■ Data provided:
|---|

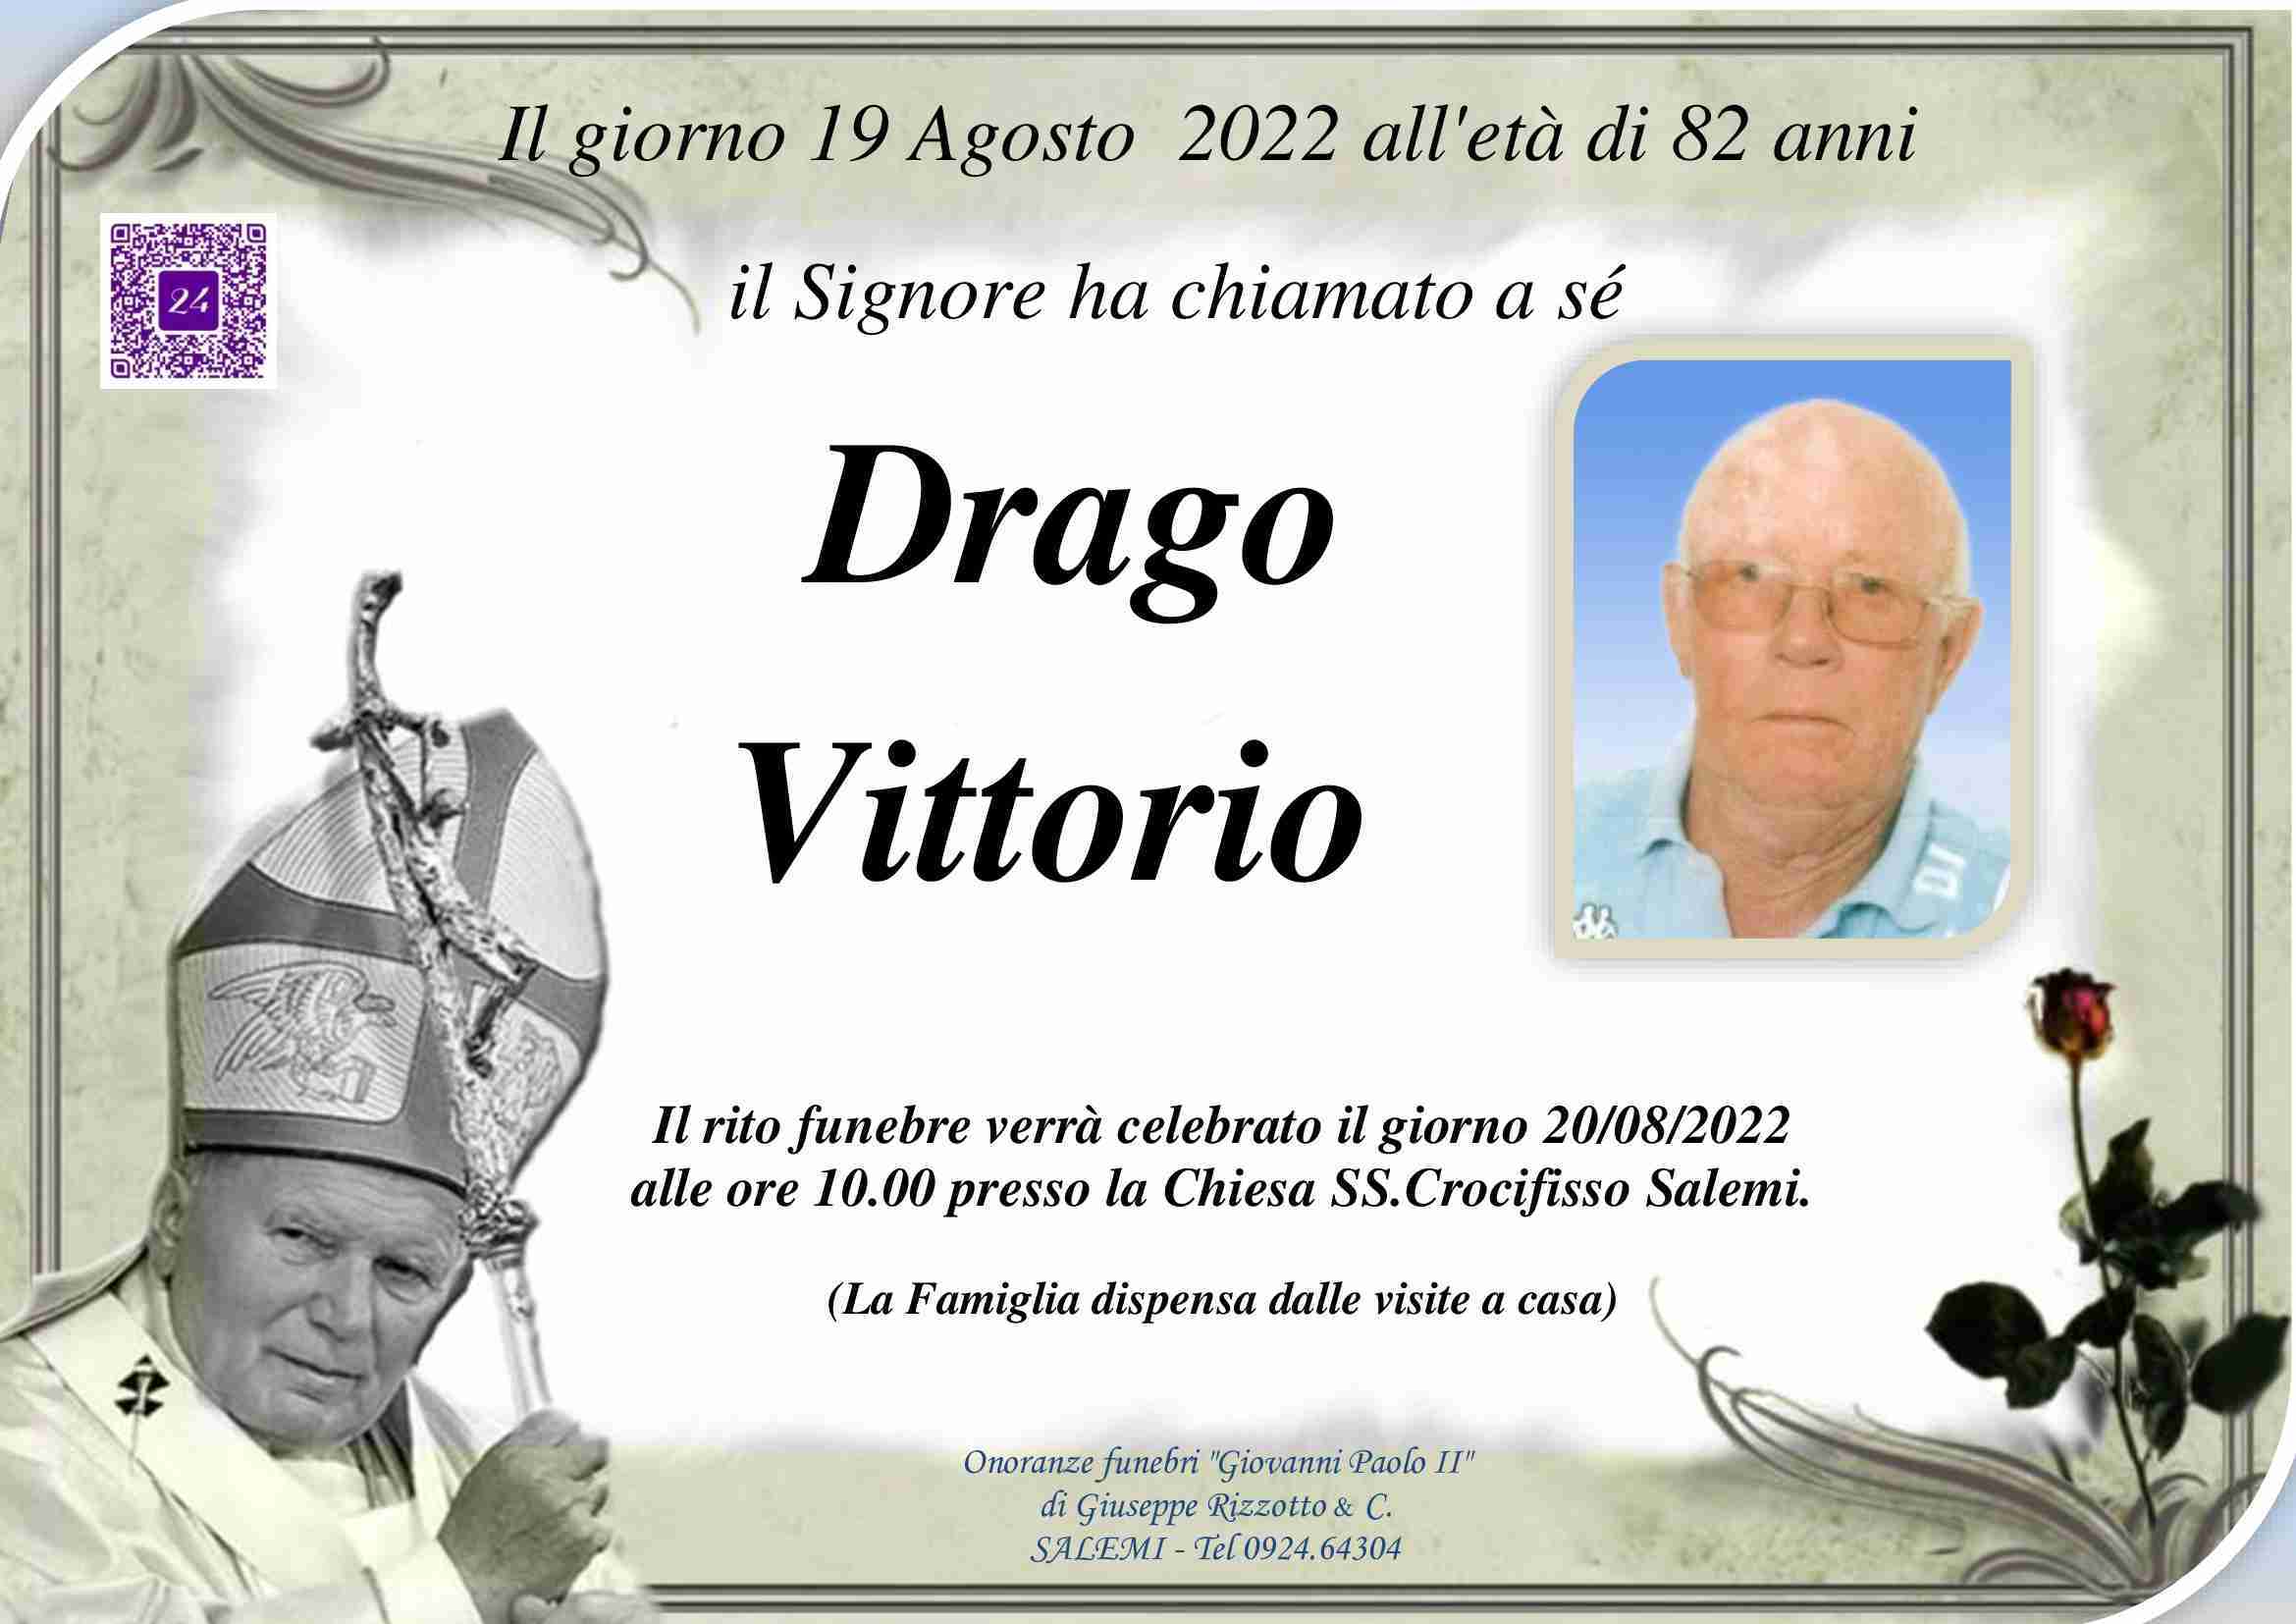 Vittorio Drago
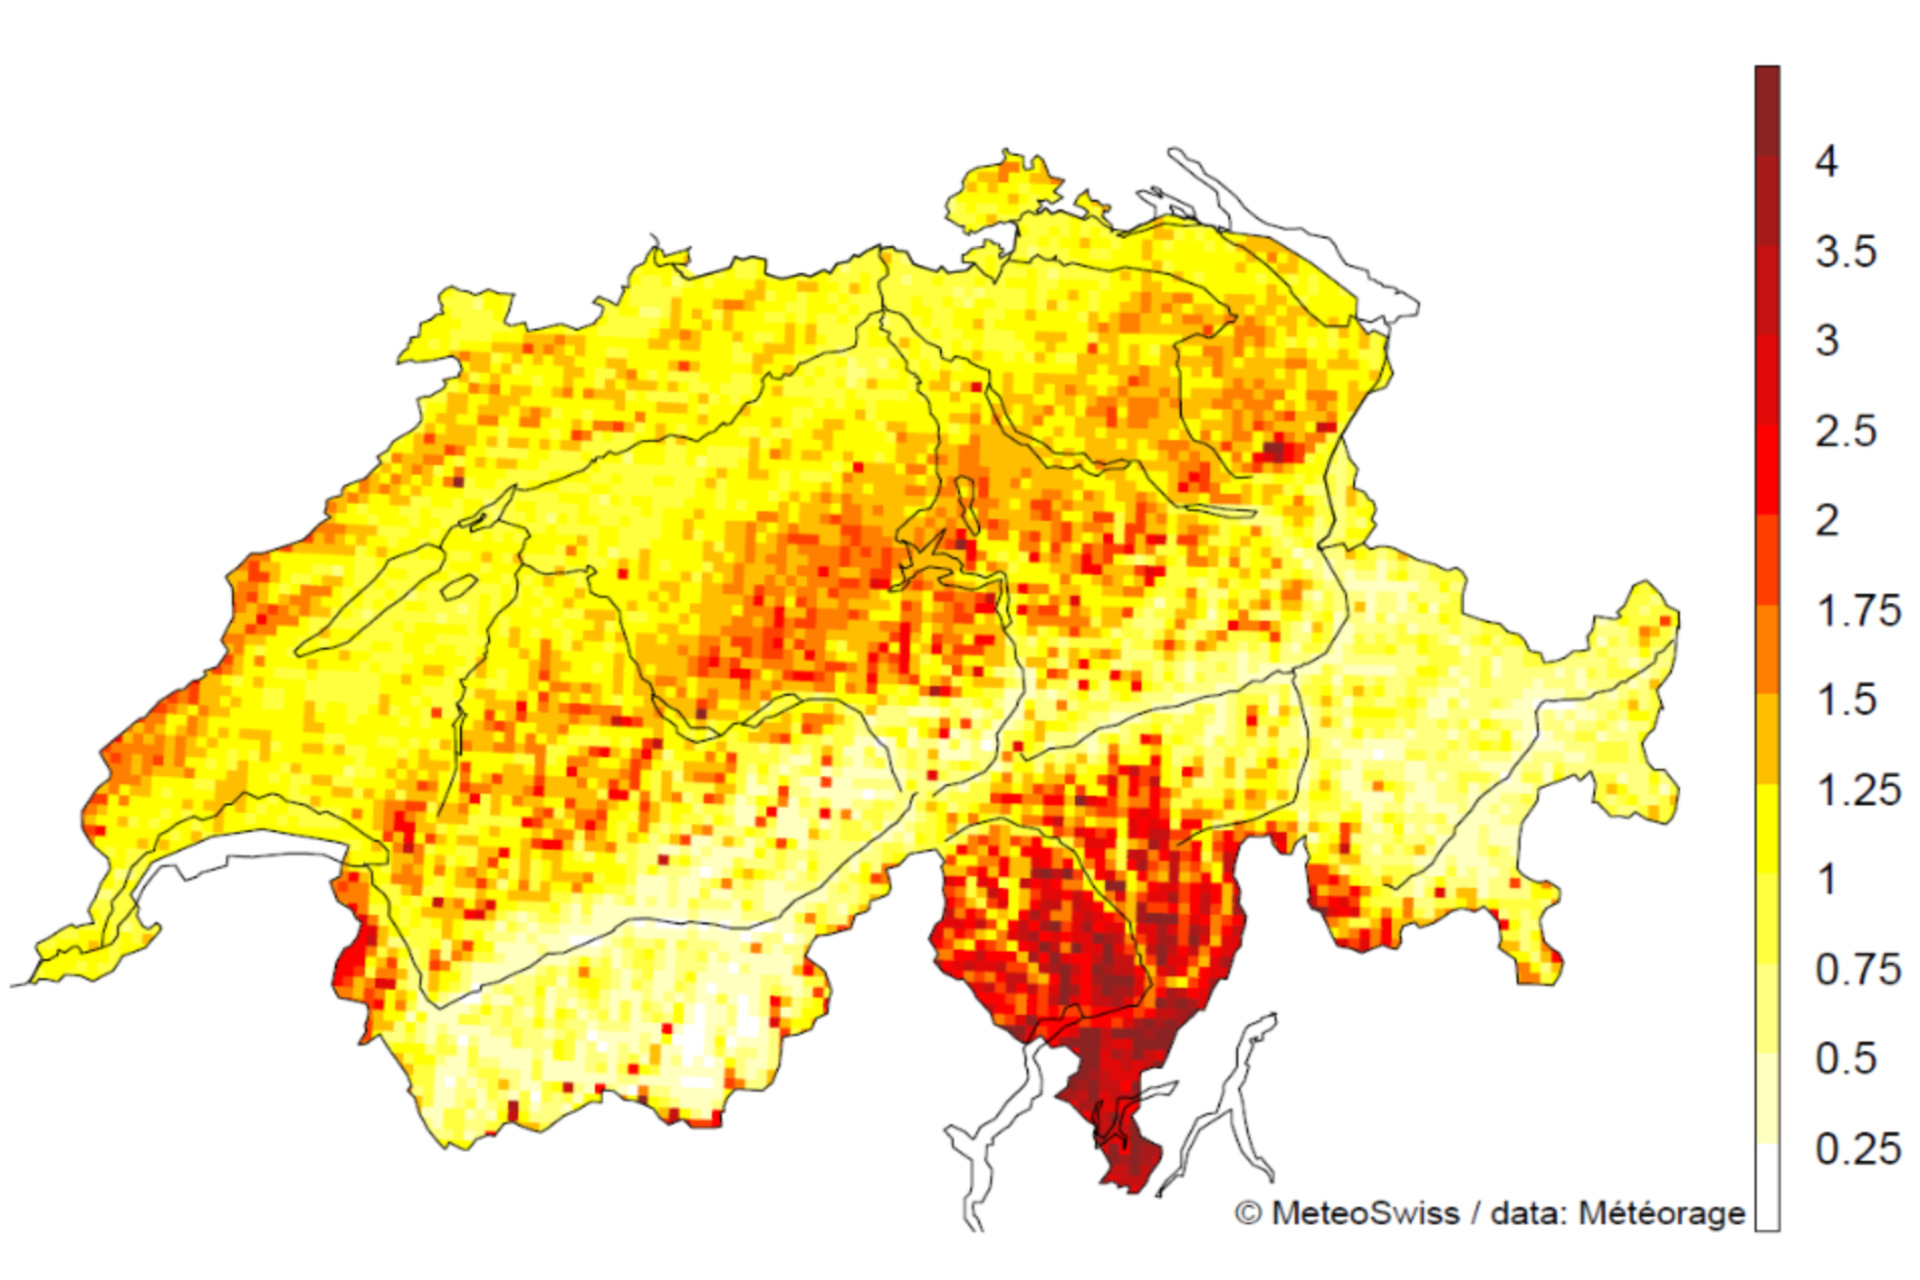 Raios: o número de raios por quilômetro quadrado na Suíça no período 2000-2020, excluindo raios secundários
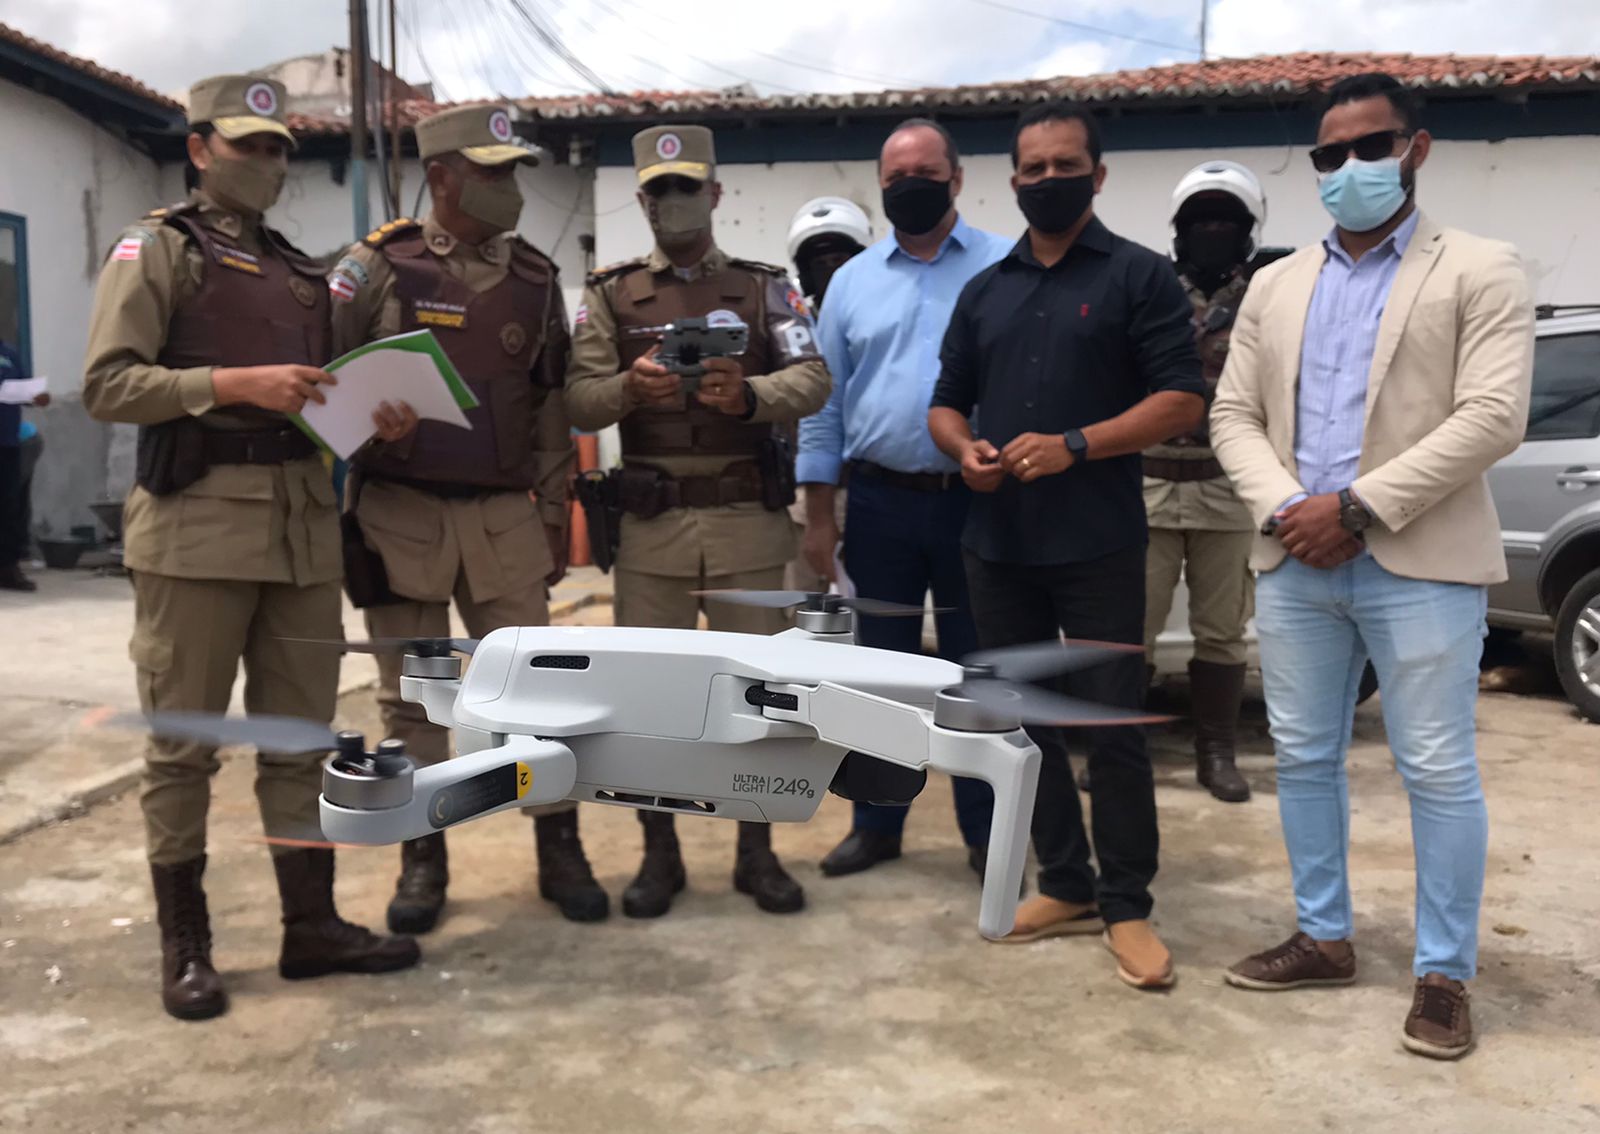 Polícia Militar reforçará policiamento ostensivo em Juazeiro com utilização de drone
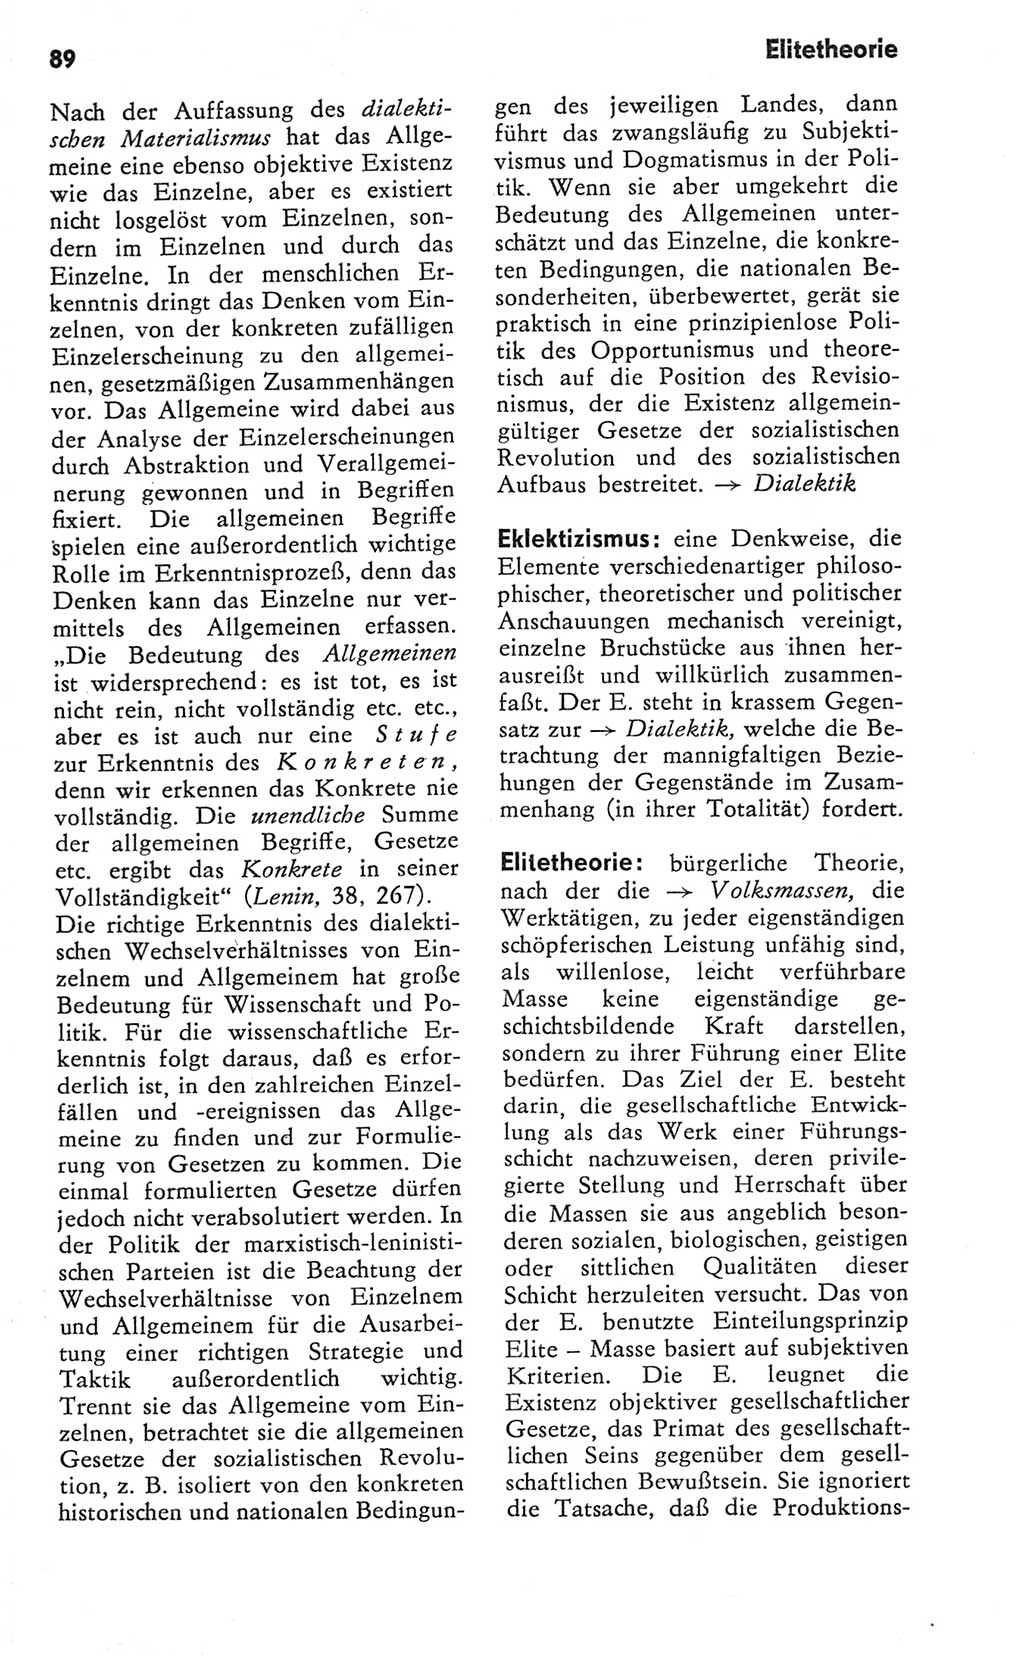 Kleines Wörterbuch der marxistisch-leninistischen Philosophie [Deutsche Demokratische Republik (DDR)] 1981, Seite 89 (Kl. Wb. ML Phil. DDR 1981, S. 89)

|---|

■ Your objective: Write out the material above without changing a word, and skip any picture.

■ Finished exercise:
 Vittorio Drago
 Raios: o número de raios por quilômetro quadrado na Suíça no período 2000-2020, excluindo raios secundários
 Polícia Militar reforçará policiamento ostensivo em Juazeiro com utilização de drone
 Kleines Wörterbuch der marxistisch-leninistischen Philosophie [Deutsche Demokratische Republik (DDR)] 1981, Seite 89 (Kl. Wb. ML Phil. DDR 1981, S. 89)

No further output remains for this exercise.